##### GIVEN DATA
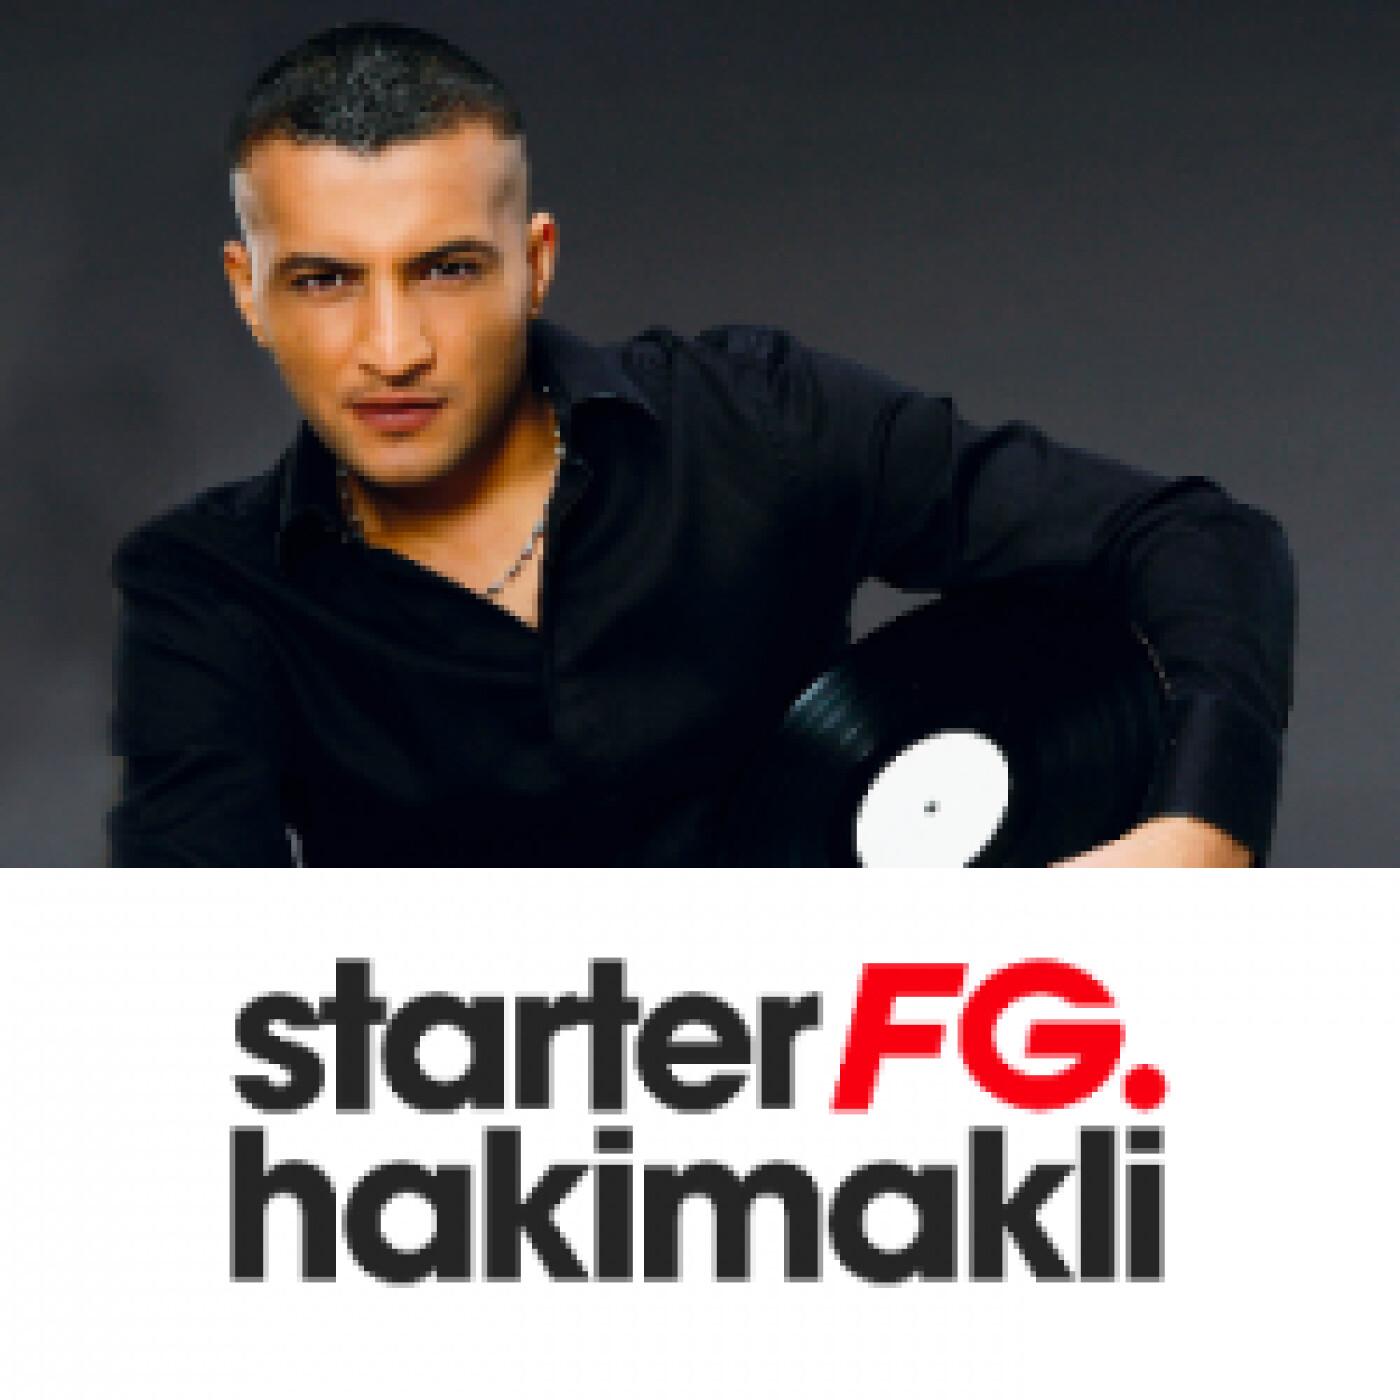 STARTER FG BY HAKIMAKLI MERCREDI 23 JUIN 2021
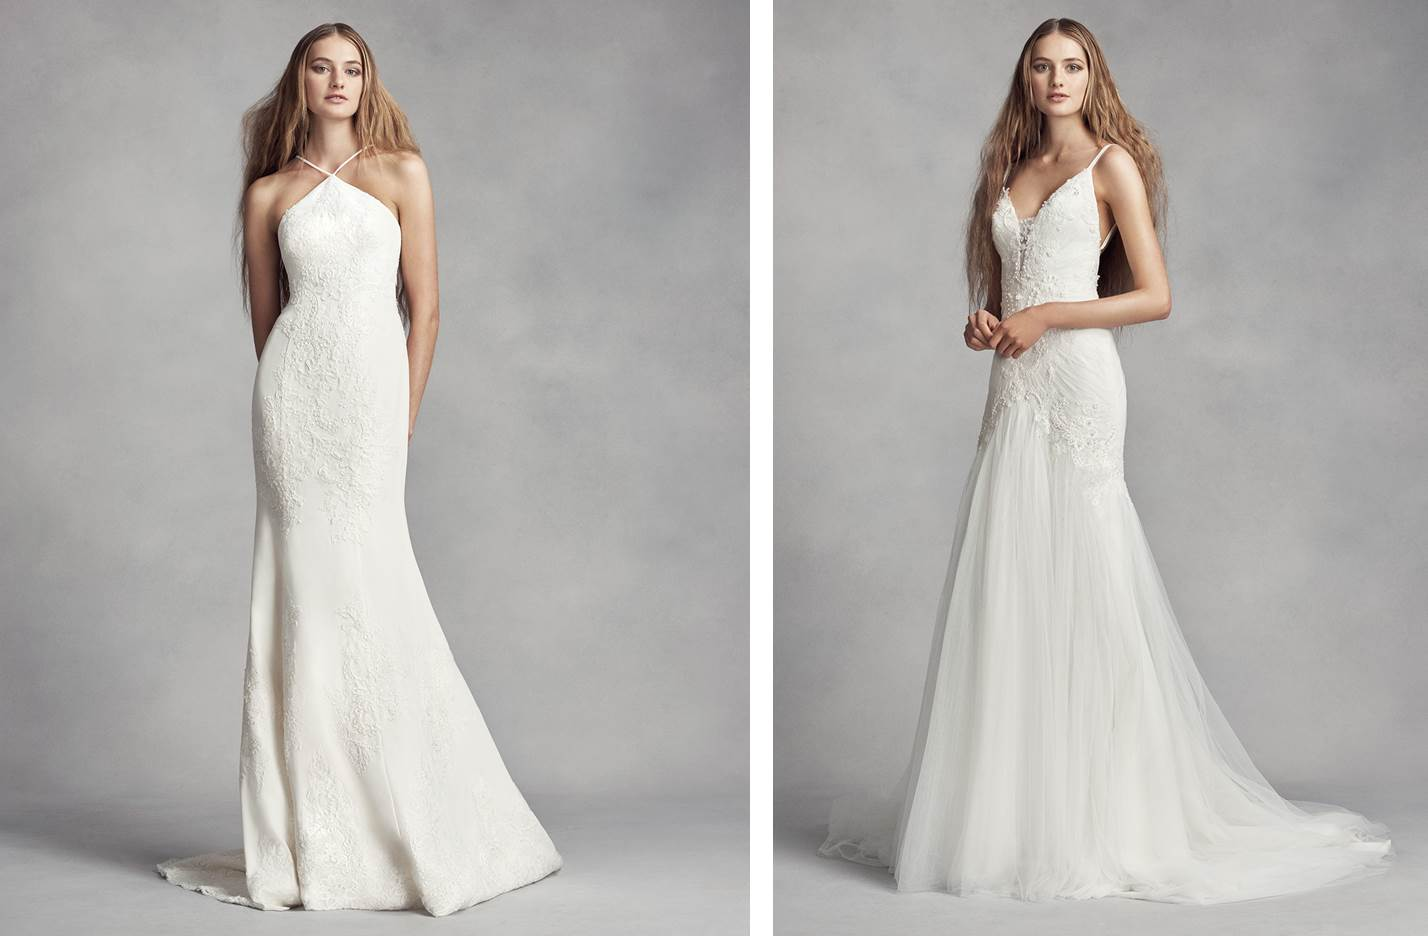 WHITE by Vera Wang Sheath Wedding Dresses
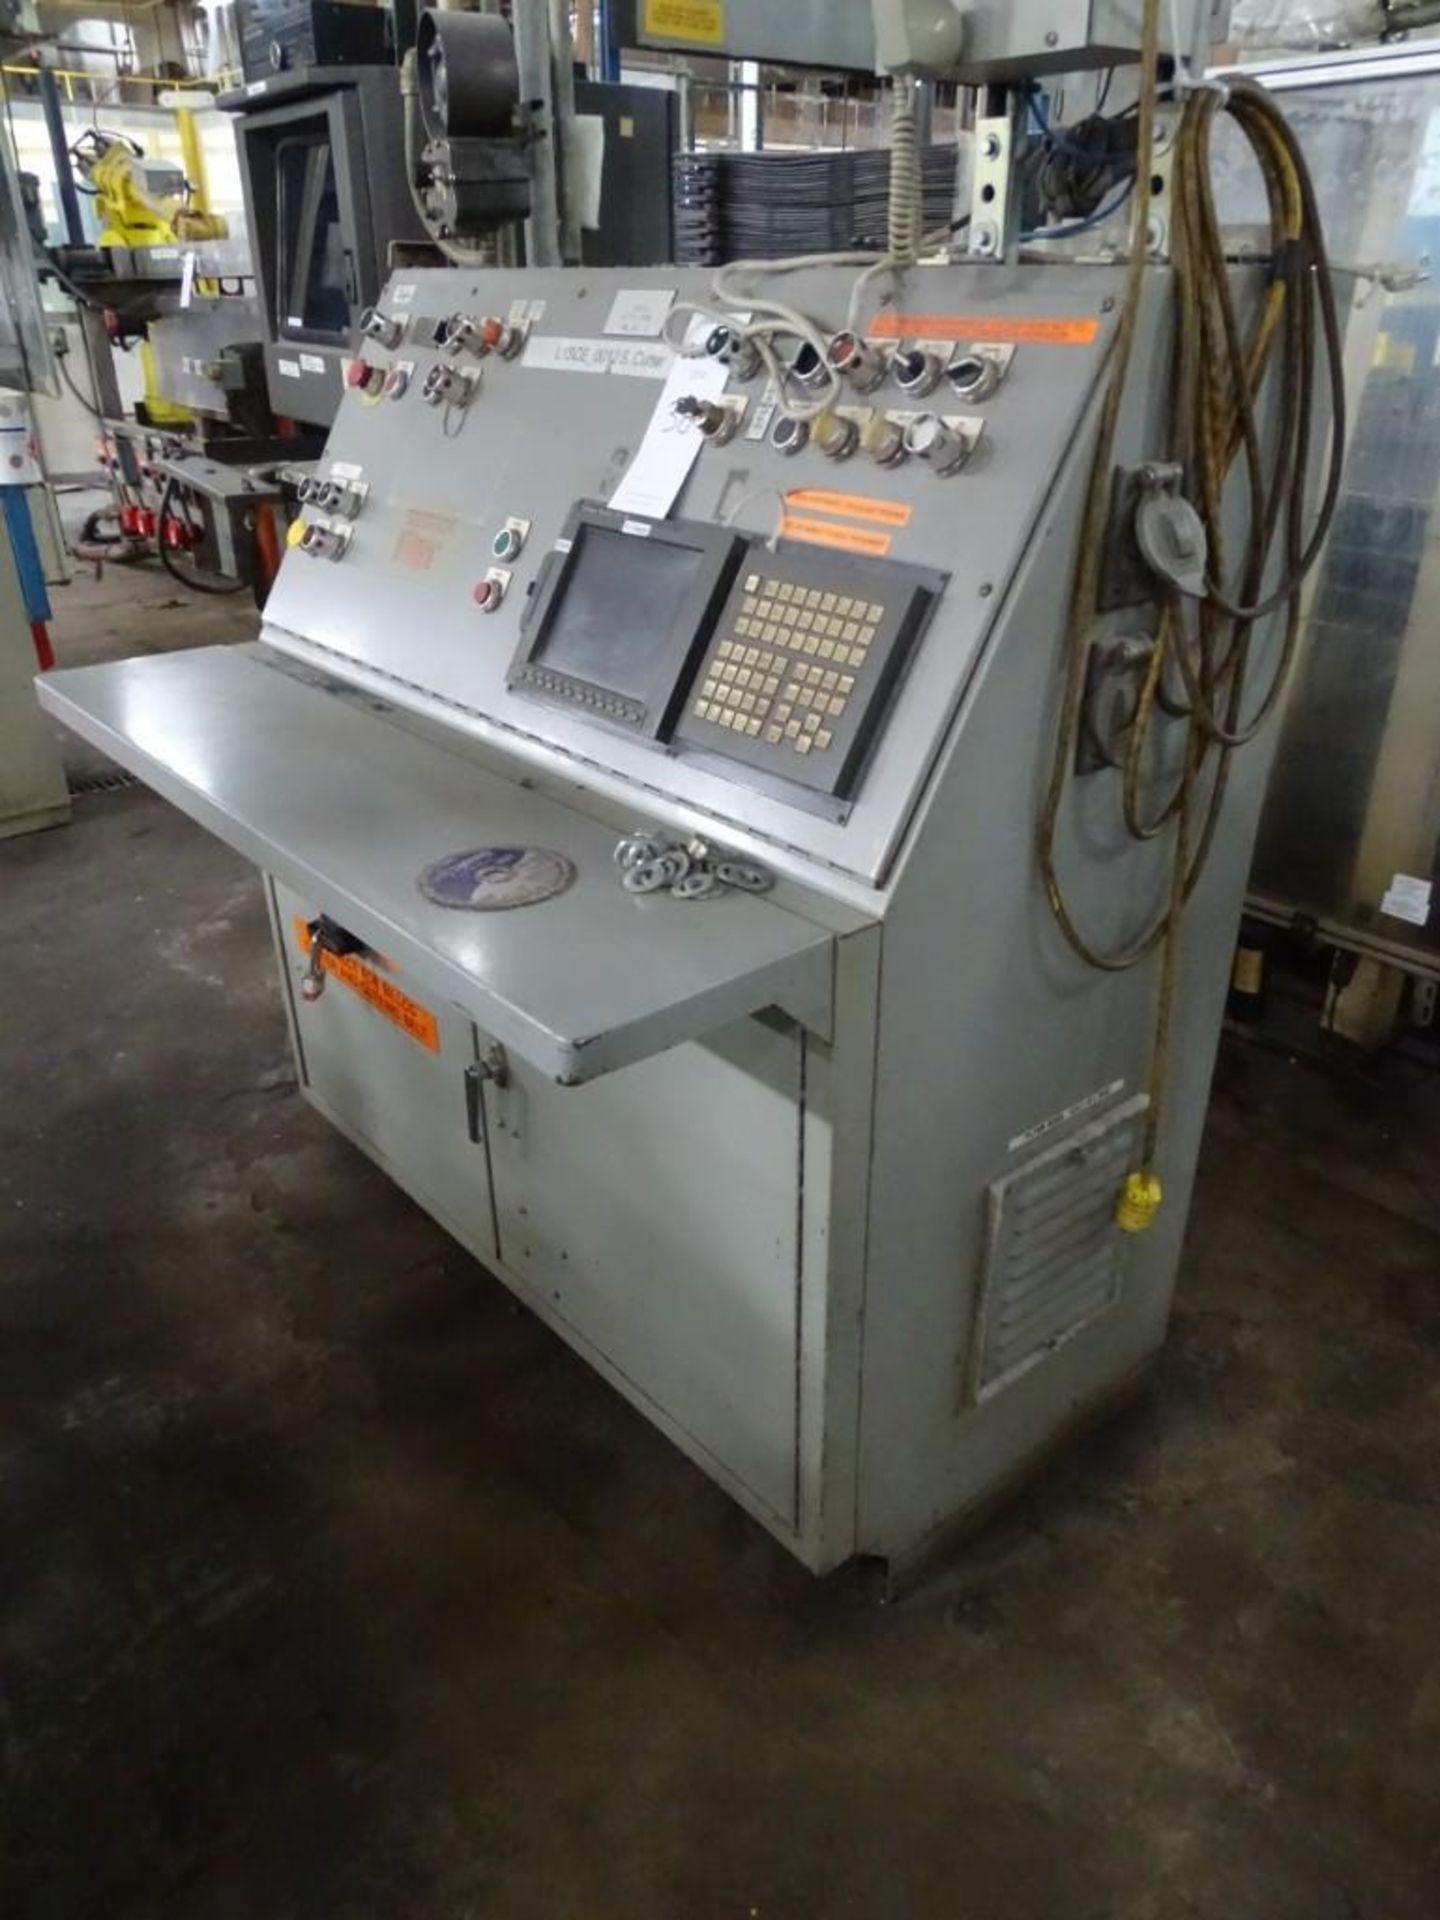 Billco Glass Cutting Conveyor System - Image 11 of 11
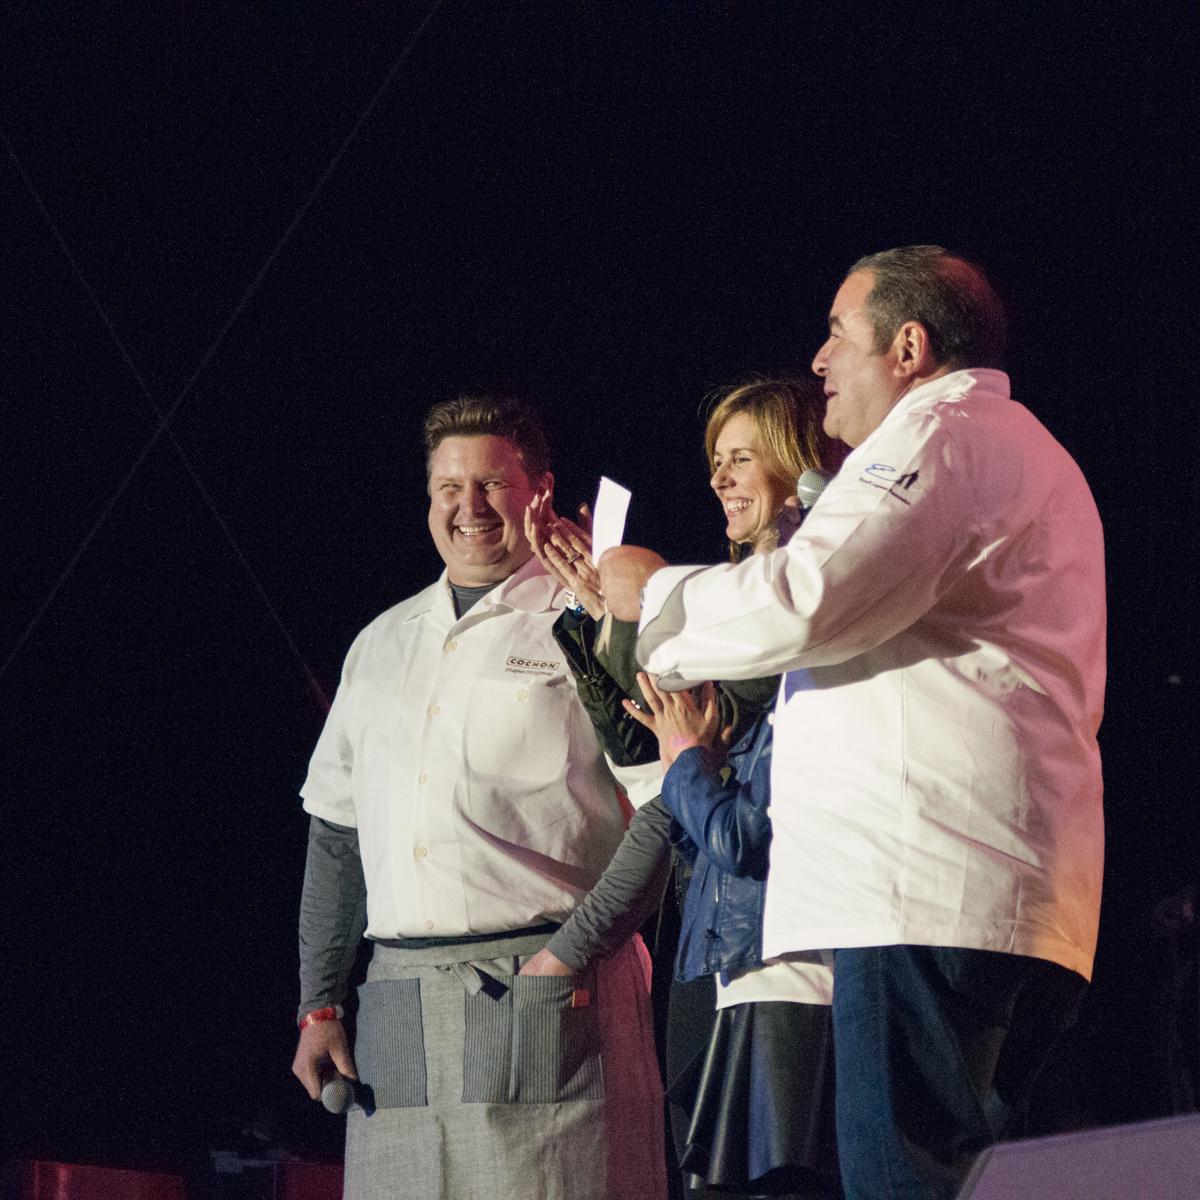 Stephen Stryjewski, Alden Lagasse, and Chef Emeril Lagasse.
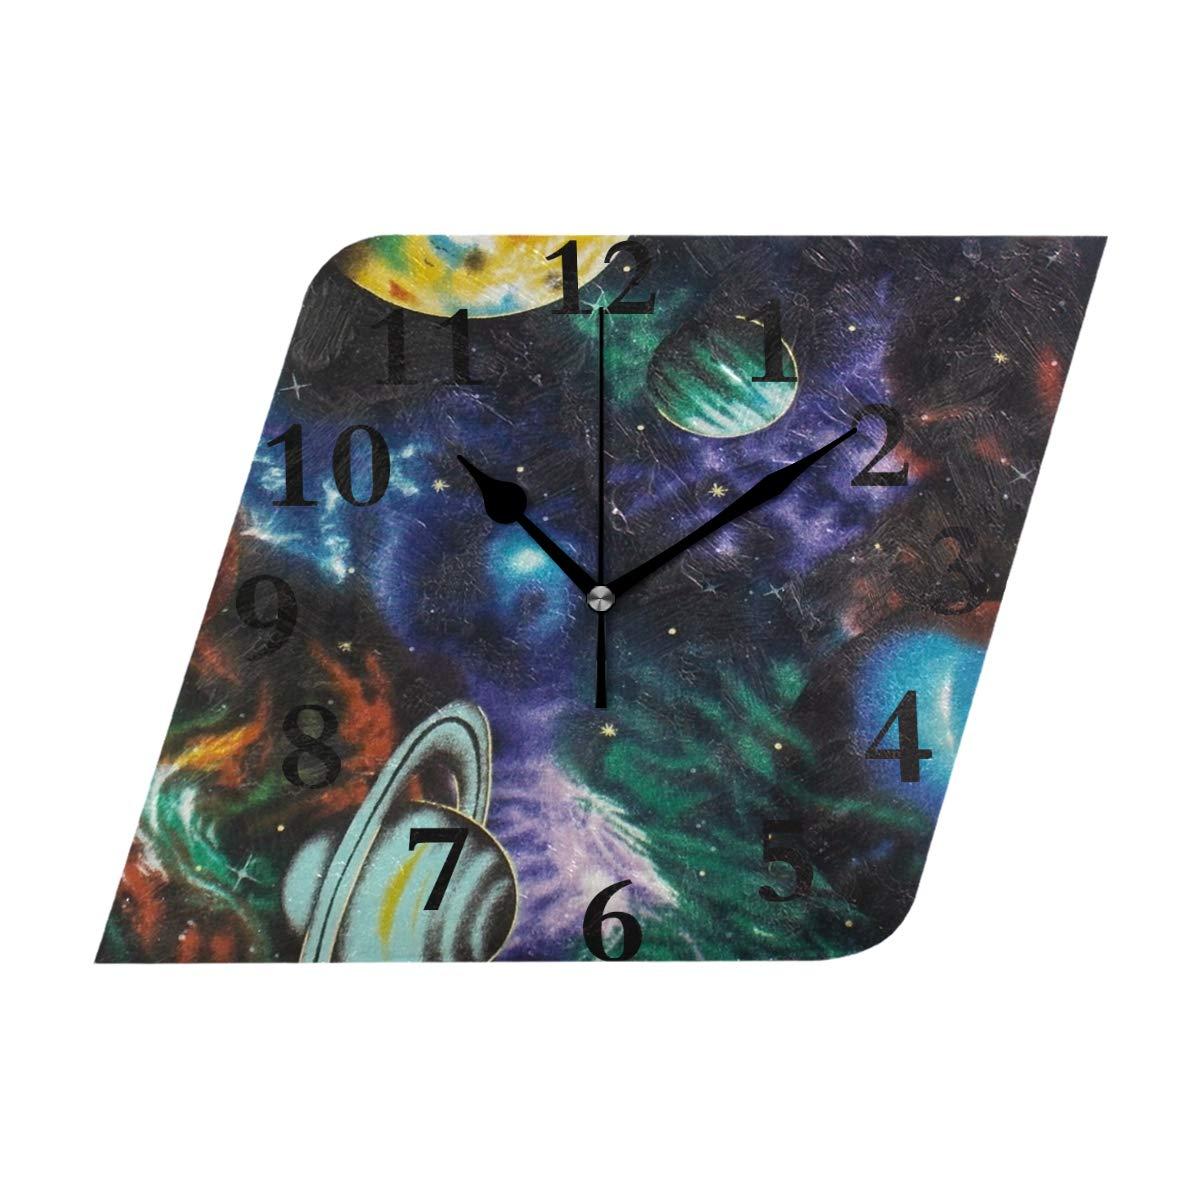 NMCEO Rhombus Wall Clock Galaxy Solar System Acrylic Silent Non-Ticking for Home Decor Creative
##########
§ **TASK REQUIREMENTS**
Pictures excluded, output exactly the line that contains "WHITE by Vera Wang Sheath Wedding Dresses" and every line after it to the end of the data above.

§ **SOLUTION**
 WHITE by Vera Wang Sheath Wedding Dresses
 Billco Glass Cutting Conveyor System - Image 11 of 11
 Stephen Stryjewski, Alden Lagasse, and Chef Emeril Lagasse.
 NMCEO Rhombus Wall Clock Galaxy Solar System Acrylic Silent Non-Ticking for Home Decor Creative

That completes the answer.